Possible involvement of gadolinium chelates in the pathophysiology of nephrogenic systemic fibrosis: A critical review

Abstract

Nephrogenic systemic fibrosis (NSF) is a recently described, highly debilitating scleroderma-like disease occurring in patients with severe or end-stage renal failure. NSF is characterized by cutaneous papules and coalescing plaques (“peau d’orange” appearance) and a wooden consistency. It may ultimately cause disabling contractures of several joints, thus making many patients wheelchair-dependent.

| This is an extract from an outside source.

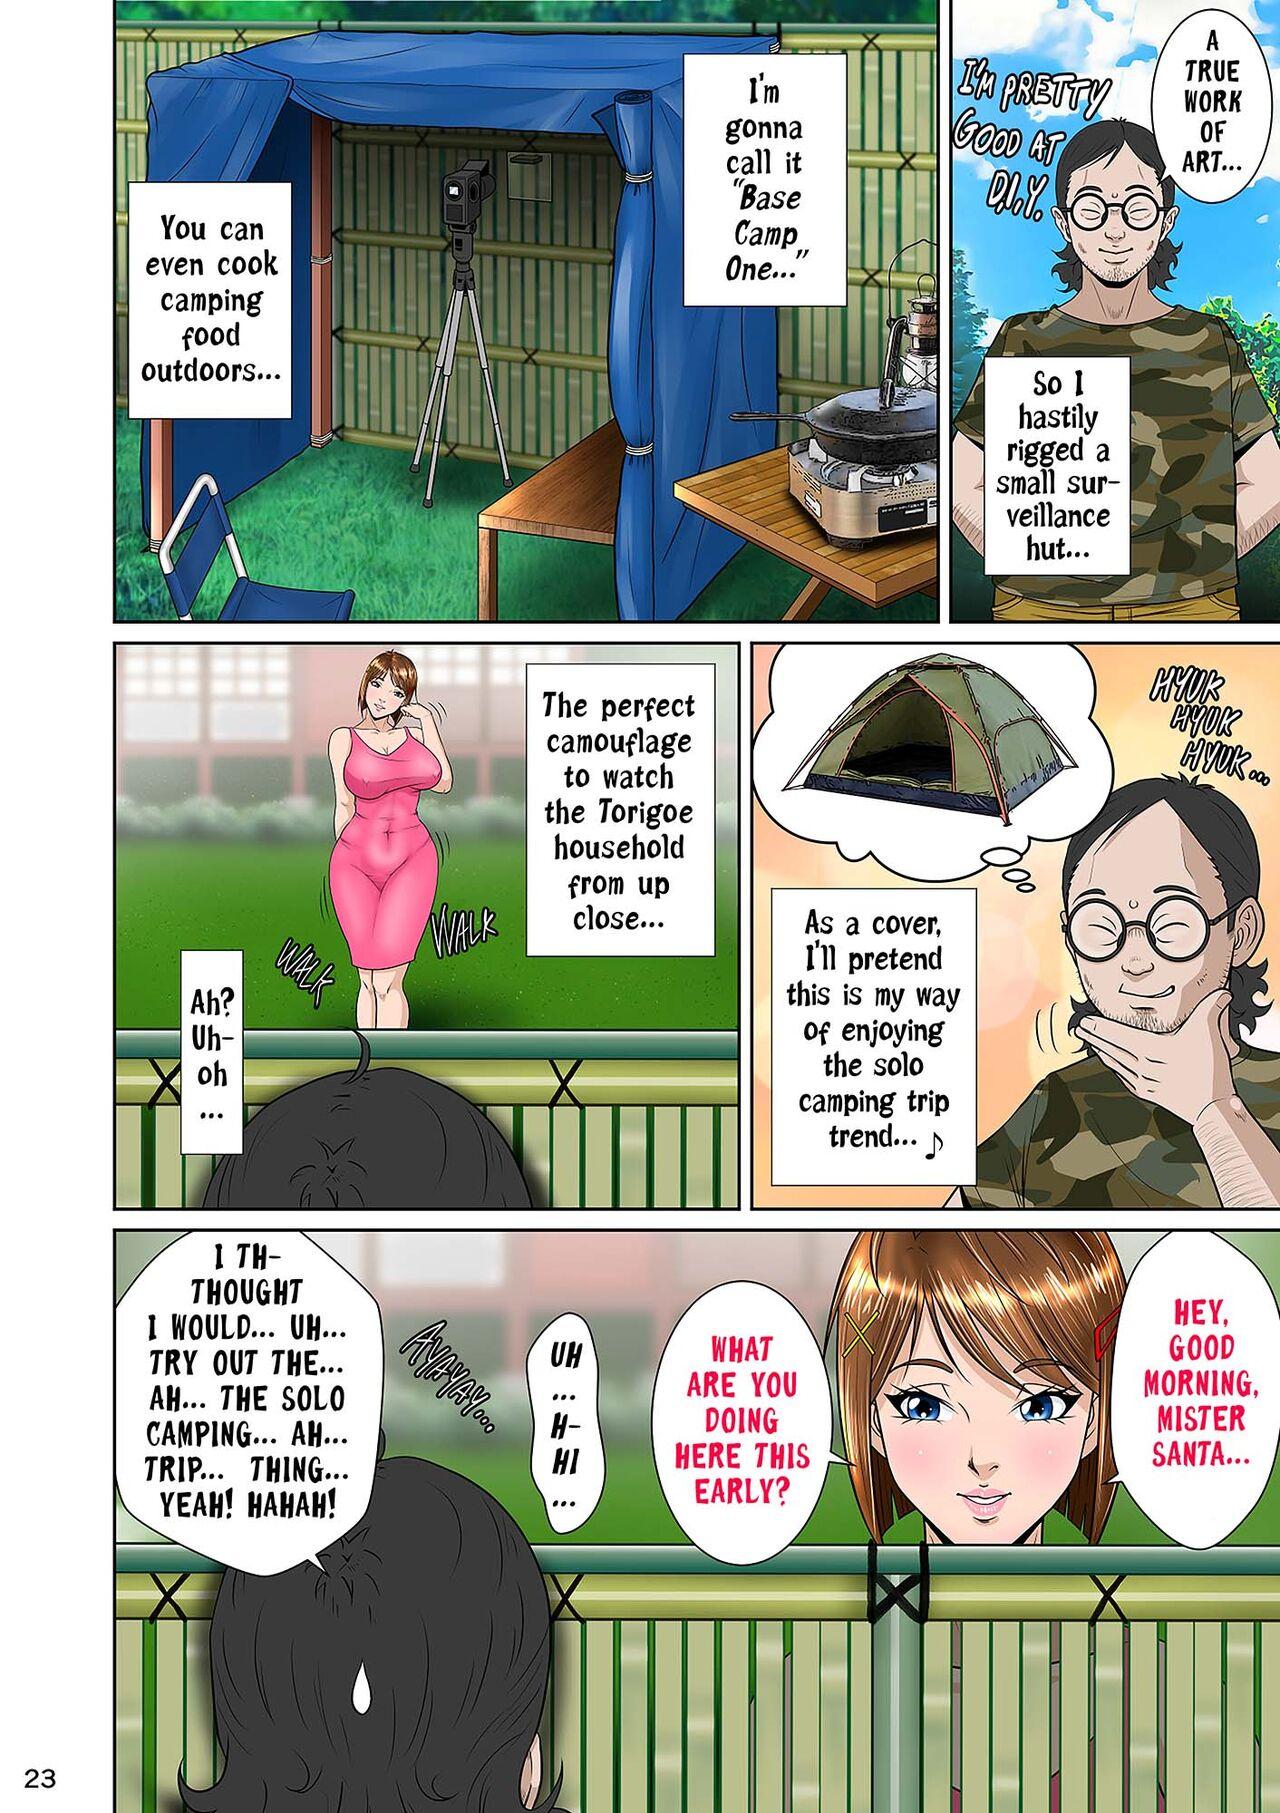 Kakine tsuma II daiichiwa | Wife on the Fence II - Chapter 3 33

NSF has been associated to prior administration of gadolinium chelates (GC) used as contrast agents for magnetic resonance imaging. The best available treatment option at the present time is renal transplantation. The mechanism of NSF has not been fully elucidated. Several hypotheses have been proposed so far and are critically discussed in the present review article. Gadolinium has been found in skin biopsy samples of patients. The most widely accepted hypothesis is related to dechelation of less stable GC, progressively releasing free Gd³⁺ which may subsequently lead to the attraction of CD34+, CD45+, pro-collagen+ circulating fibrocytes via the release of chemokines, thereby inducing systemic fibrosing disorders. Pre-existing renal failure may facilitate the process by delaying the excretion of GC. A complex interplay between gadolinium and co-factors (pro-inflammatory status, vascular injury, high dose of erythropoietin, high levels of calcium, phosphorus, etc.) may occur in patients with impaired renal function. This and other hypotheses remain to be investigated, as well as the role and independence of co-factors.

Introduction

Nephrogenic systemic fibrosis (NSF) is a recently described, highly debilitating and sometimes fatal disease occurring in patients with renal failure (Cowper et al., 2000). A causal link between NSF and gadolinium chelates (GC) used as contrast agents for magnetic resonance imaging has recently been proposed, on the basis of retrospective analyses (Grobner, 2006, Marckmann et al., 2006). GC are small molecular weight, extracellular space markers that enhance tissue contrast on MR T1-weighted images by shortening the T1 relaxation time. They are widely used to enhance the diagnostic efficacy of MRI for the detection and characterisation of lesions and for the evaluation of perfusion and flow-related abnormalities (Bellin et al., 2003). Two categories of GC are currently used: (a) “macrocyclic” chelates where Gd is “caged” in a pre-organized cavity of the polyamino-polycarboxylic ligand, and (b) “open-chain” (or “linear”) chelates (Fig. 1). GC are currently administered in about 30% of clinical MRI procedures. It is estimated that about 20 millions of procedures involving injected CA were performed worldwide in 2005 (Idée et al., 2006). These agents are administered intravenously concomitantly with the MRI procedure and are excreted unchanged by passive glomerular filtration. Their plasma elimination half-life is about 1.5 h in healthy volunteers but may exceed 30 h in patients with renal insufficiency (Joffe et al., 1998).

The link between NSF and GC has raised a considerable amount of interest. This review of the literature is designed to critically discuss the numerous hypotheses that have been proposed to explain the mechanism of NSF and to propose other putative pathways.

The classical Medline and Excerpta Medica databases were used to prepare this review.